* **WORK TASK**
Each line from the line containing "Stone Color: Blue" through the last line of the entries is to be reproduced exactly as it stands.

#### INFORMATION SUPPLIED ####

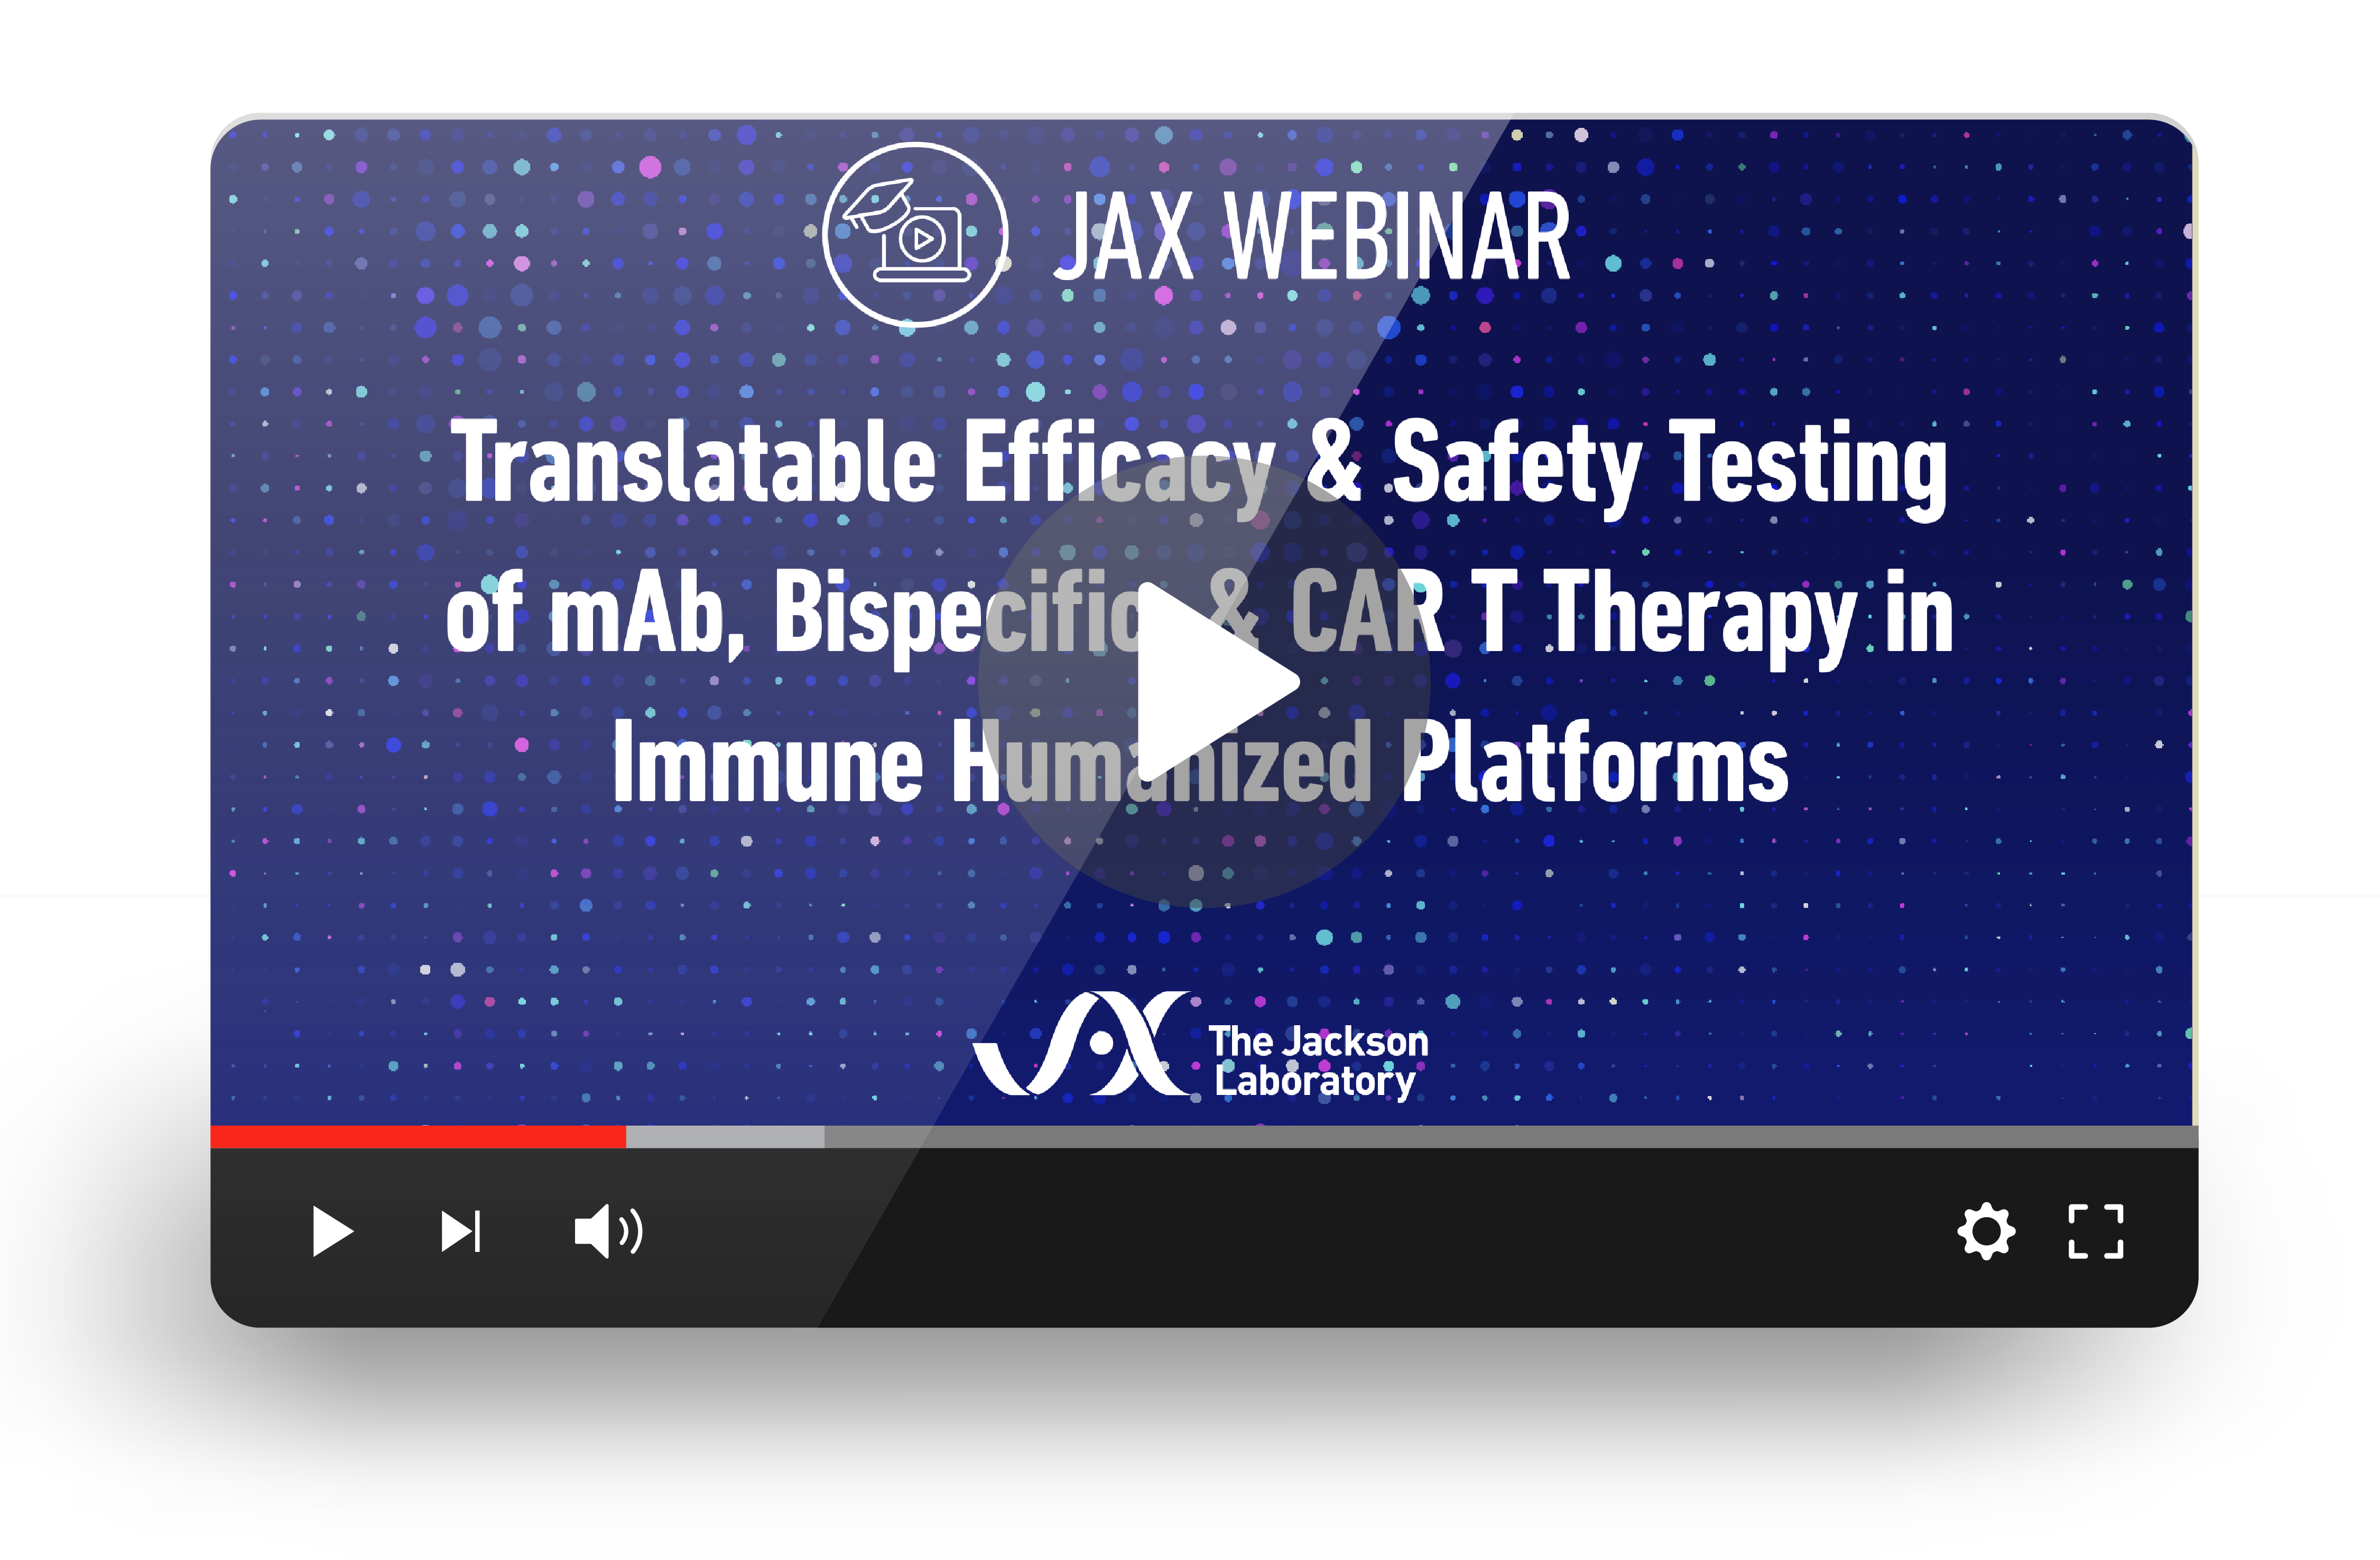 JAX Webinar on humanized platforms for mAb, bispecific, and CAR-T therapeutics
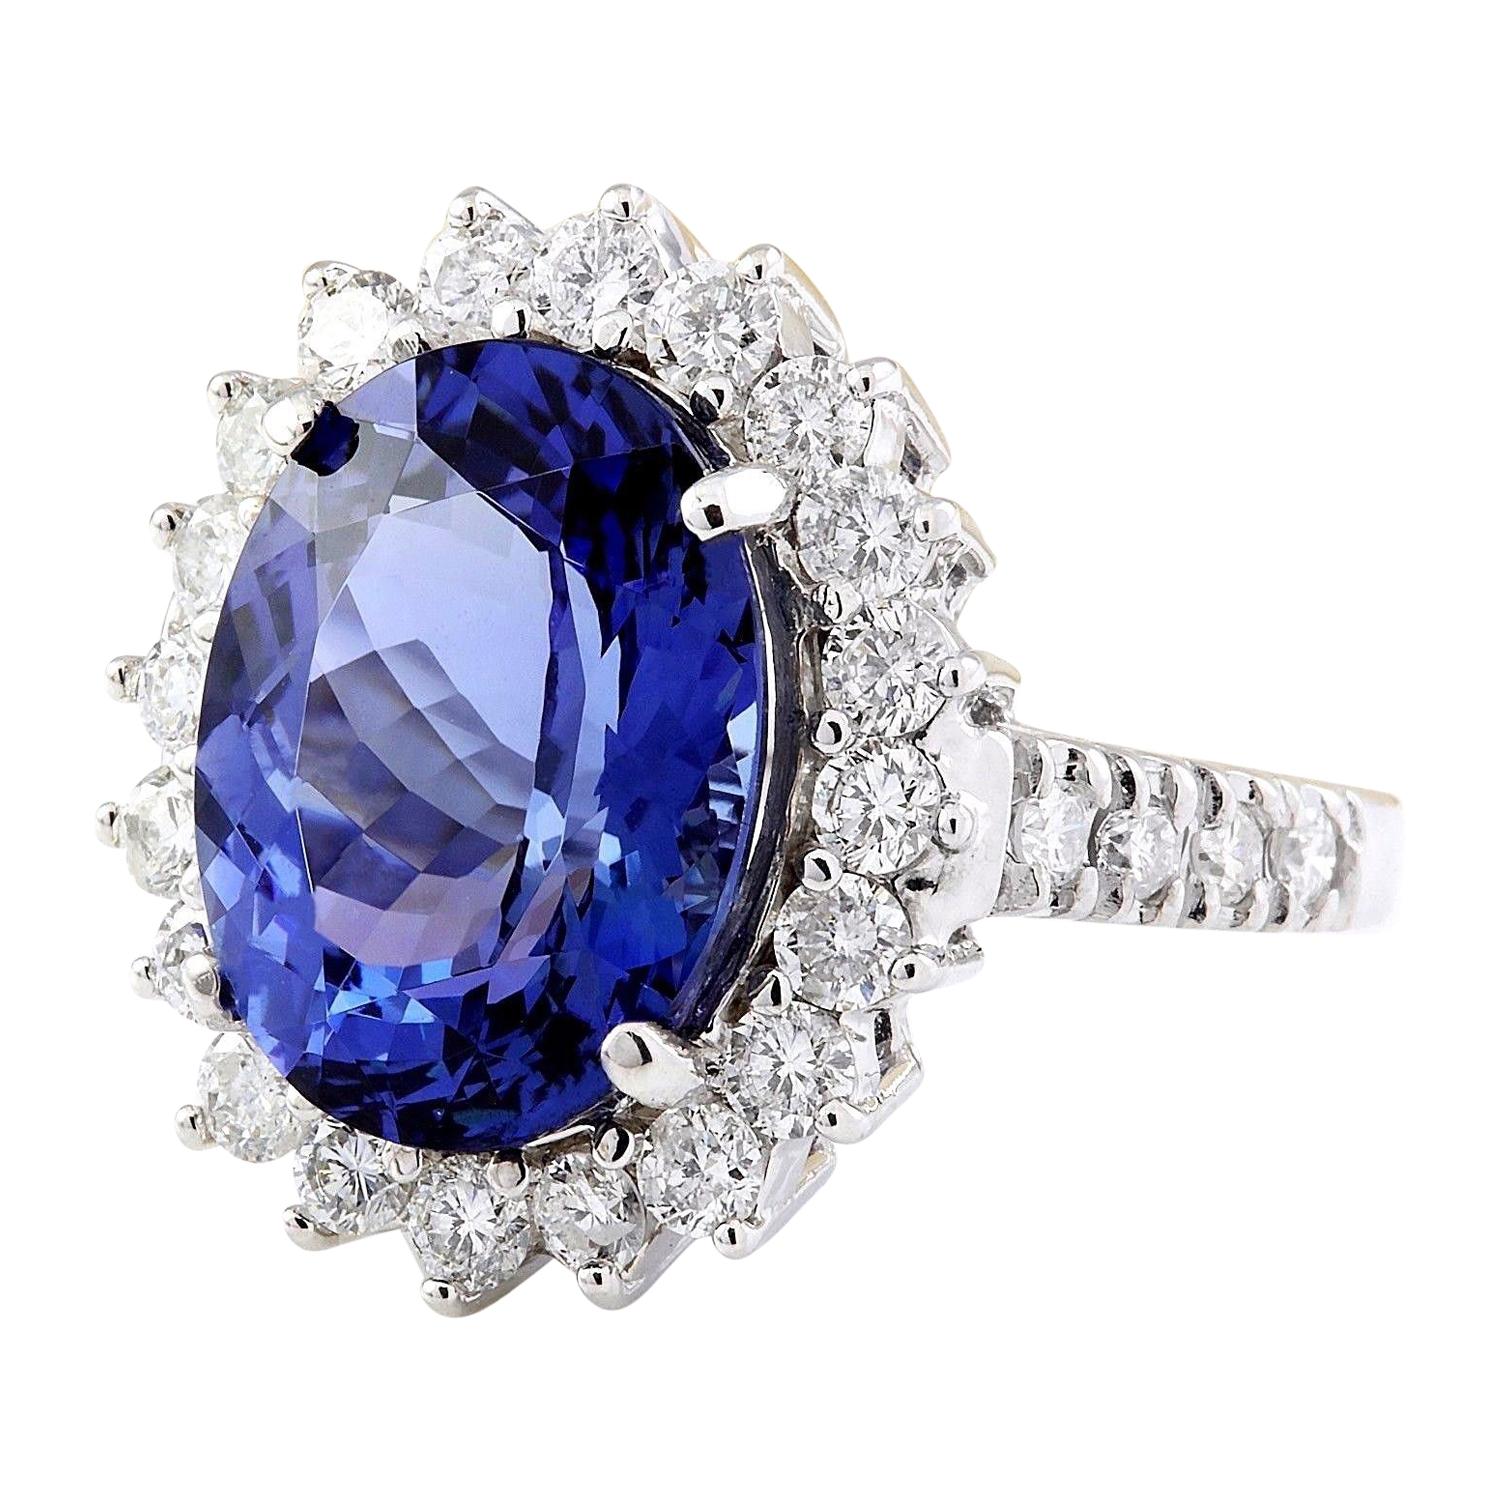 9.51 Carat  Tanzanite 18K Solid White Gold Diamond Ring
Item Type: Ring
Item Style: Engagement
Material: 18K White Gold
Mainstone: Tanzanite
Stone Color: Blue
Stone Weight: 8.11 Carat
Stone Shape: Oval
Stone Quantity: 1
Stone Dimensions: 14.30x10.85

####

* **EXERCISE SOLUTION**
Stone Color: Blue
Stone Weight: 8.11 Carat
Stone Shape: Oval
Stone Quantity: 1
Stone Dimensions: 14.30x10.85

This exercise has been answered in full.